Что мог донской казак Миронов противопоставить непобедимым самураям? Степняк, имевший дело с равнинной местностью, хуторами и станциями, разбросанными по необозримым просторам. Родной язык, обычаи, правы, традиции – все знакомое, родное. А здесь – море, горы, туманы, штормы. Хребты, отроги, холмы, овраги, горные ручьи, ущелья, сопки. Искусственные проволочные заграждения в четыре-пять рядов. Орудия и пулеметы, стоявшие «колесо к колесу». Вот и попробуй обмануть, обхитрить врага.
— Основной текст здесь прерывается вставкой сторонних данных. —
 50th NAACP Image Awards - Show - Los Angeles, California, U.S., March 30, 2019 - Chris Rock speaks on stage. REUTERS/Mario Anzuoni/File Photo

Сложная это наука – обмануть, обхитрить, когда враг точно так же только и делает, что об этом же самом думает. Но при этом ни на мгновение нельзя забывать обеим сторонам об основном правиле – кроме изворотливости ума, нужна изворотливость тела: сила, ловкость. Знание приемов борьбы. Причем борьбы смертельной. Допустим, что все это есть у противоборствующих разведчиков, и они вооружены, как говорится, до зубов. Но остается еще одна малость – мысль. Сознание, что будешь убит и тебя не будет. Как это не будет? А вот так – никогда не будет!.. И такое может случиться через минуту, через час... Капля ядовитого страха... Даже не капля, а всего-навсего лишь ладони повлажнеют или дрогнут пальцы, когда попытаешься прикурить цигарку от цигарки такого же смертника, собирающегося идти вместе с тобою в разведку. Но человек идет. Причем чаще всего добровольно идет. Значит, что-то есть в человеке такое, что выше смерти?.. Выше страха небытия?.. Священный огонь, великая страсть – это патриотизм. А честолюбие?.. Наполеон говорил, что человек может идти на смерть даже из-за пуговицы. Но когда он знает, что за эту пуговицу соотечественники будут его прославлять...
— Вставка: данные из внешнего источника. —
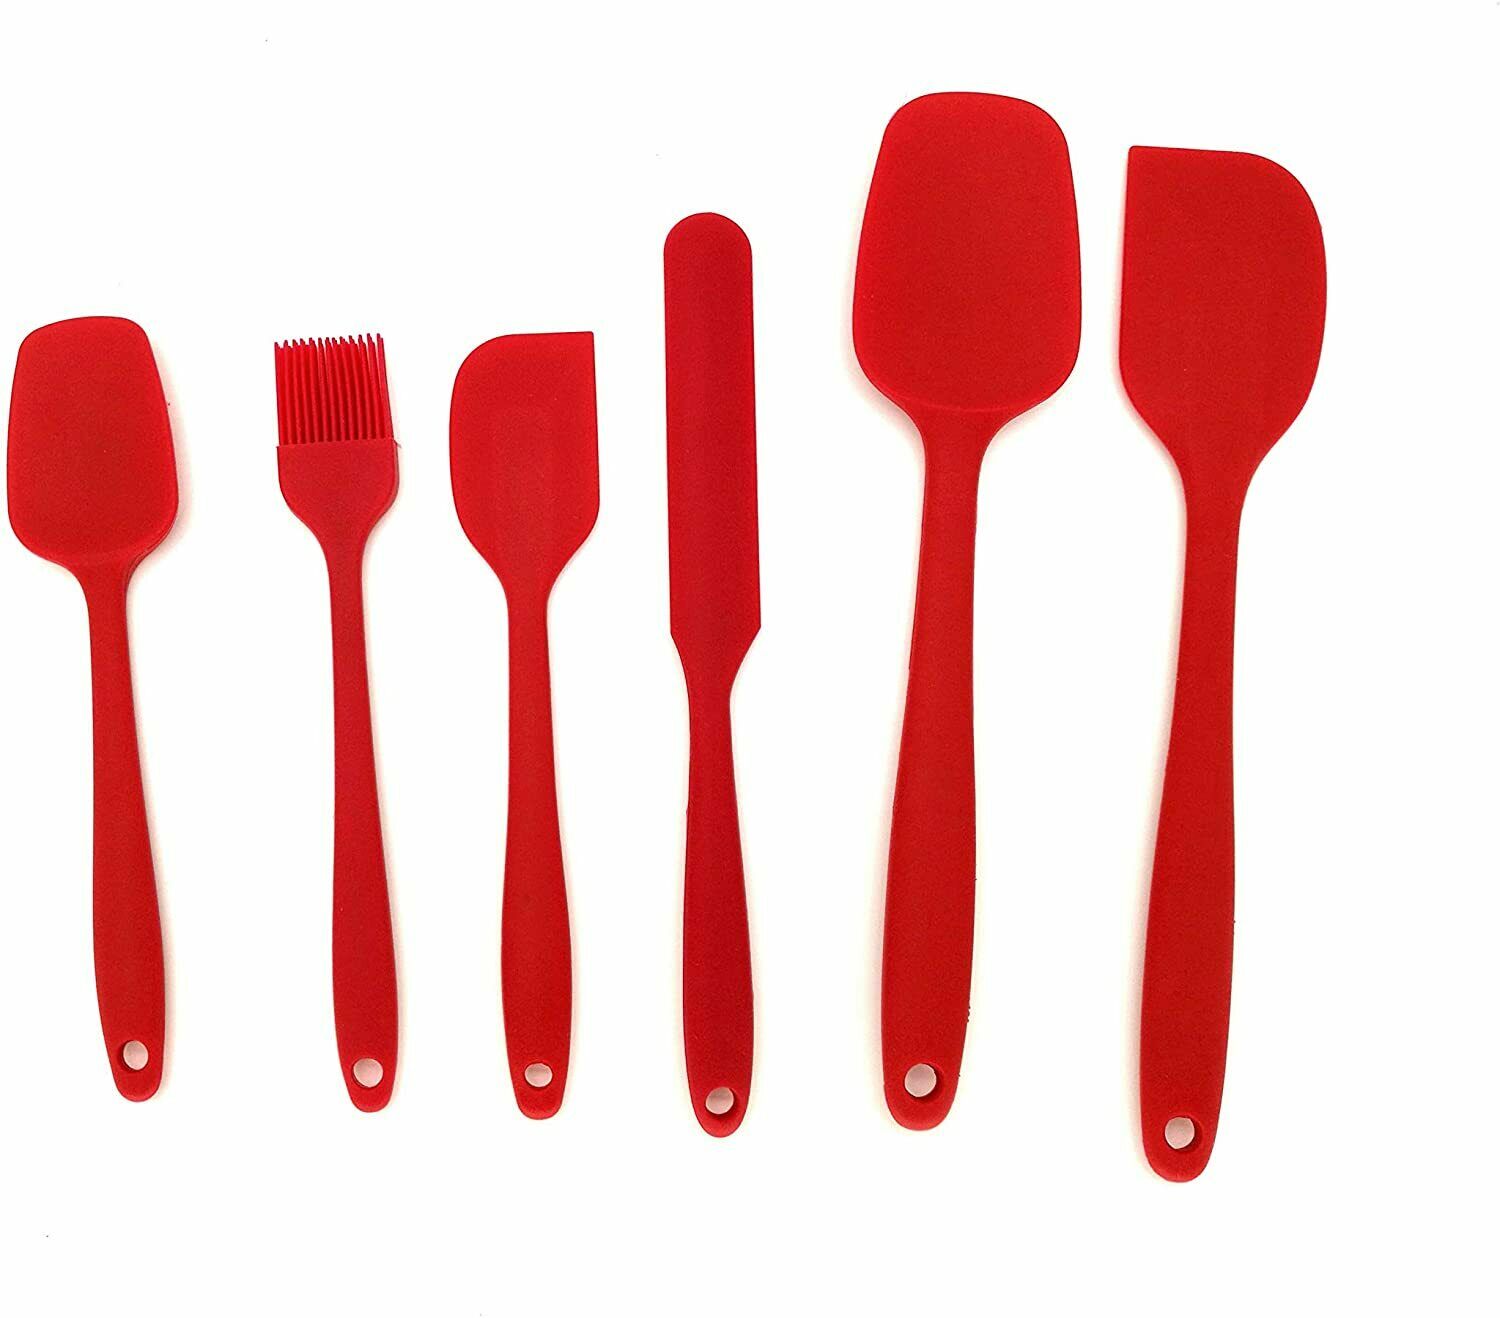 6 Piece Silicone Spatula Set - Heat Resistant Nonstick Spatulas Set with  Stainless Steel Core, Food …See more 6 Piece Silicone Spatula Set - Heat

Да, легко сказать: сходил в разведку, достал «языка», получил награду – и слава храбрецу!..
Перед тем как набрать казаков-добровольцев, так называемых охотников, чтобы идти в разведку, точно такая же процедура происходила среди офицерского состава. Командир 26-го Донского казачьего полка полковник Богачев на привале в деревне Чатайуз 13 января 1905 года вызвал в штаб всех офицеров и объявил о посылке в разведку во главе казаков опытного и, главное, храброго человека.
Все молчали. Да и говорить особенно было не о чем – приказ дан, выполняй! Только вот кому сия участь выпадет? Кто окажется, по мнению командира полка, тот самый опытный и храбрый человек? Да и из приказа почему-то неясно, кого это лично касается. Но оказалось, что офицеры поторопились со своими предположениями, потому что полковник не все сказал и, как выяснилось чуточку позже, не собирался никому лично приказывать возглавить разведку казаков, так как нужен был офицер-охотник. Таково желание вышестоящего командования. И когда он объявил об этом добавлении к приказу, все равно никто из офицеров не выскочил вперед и не изъявил страстного желания быть первым разведчиком русско-японской войны. Наверное, каждый мог подумать, что это равносильно заявить во всеуслышание, что он самый опытный и самый храбрый человек. Это было бы верх нескромности. А возможно, мысль более каверзная являлась, вроде той, что, мол, первая разведка может стать и последней?.. И поэтому никто не проявлял особой торопливости. Словом, и на такое уточнение офицеры ответили молчанием. Причем долгим-предолгим и кажущимся особенно томительным.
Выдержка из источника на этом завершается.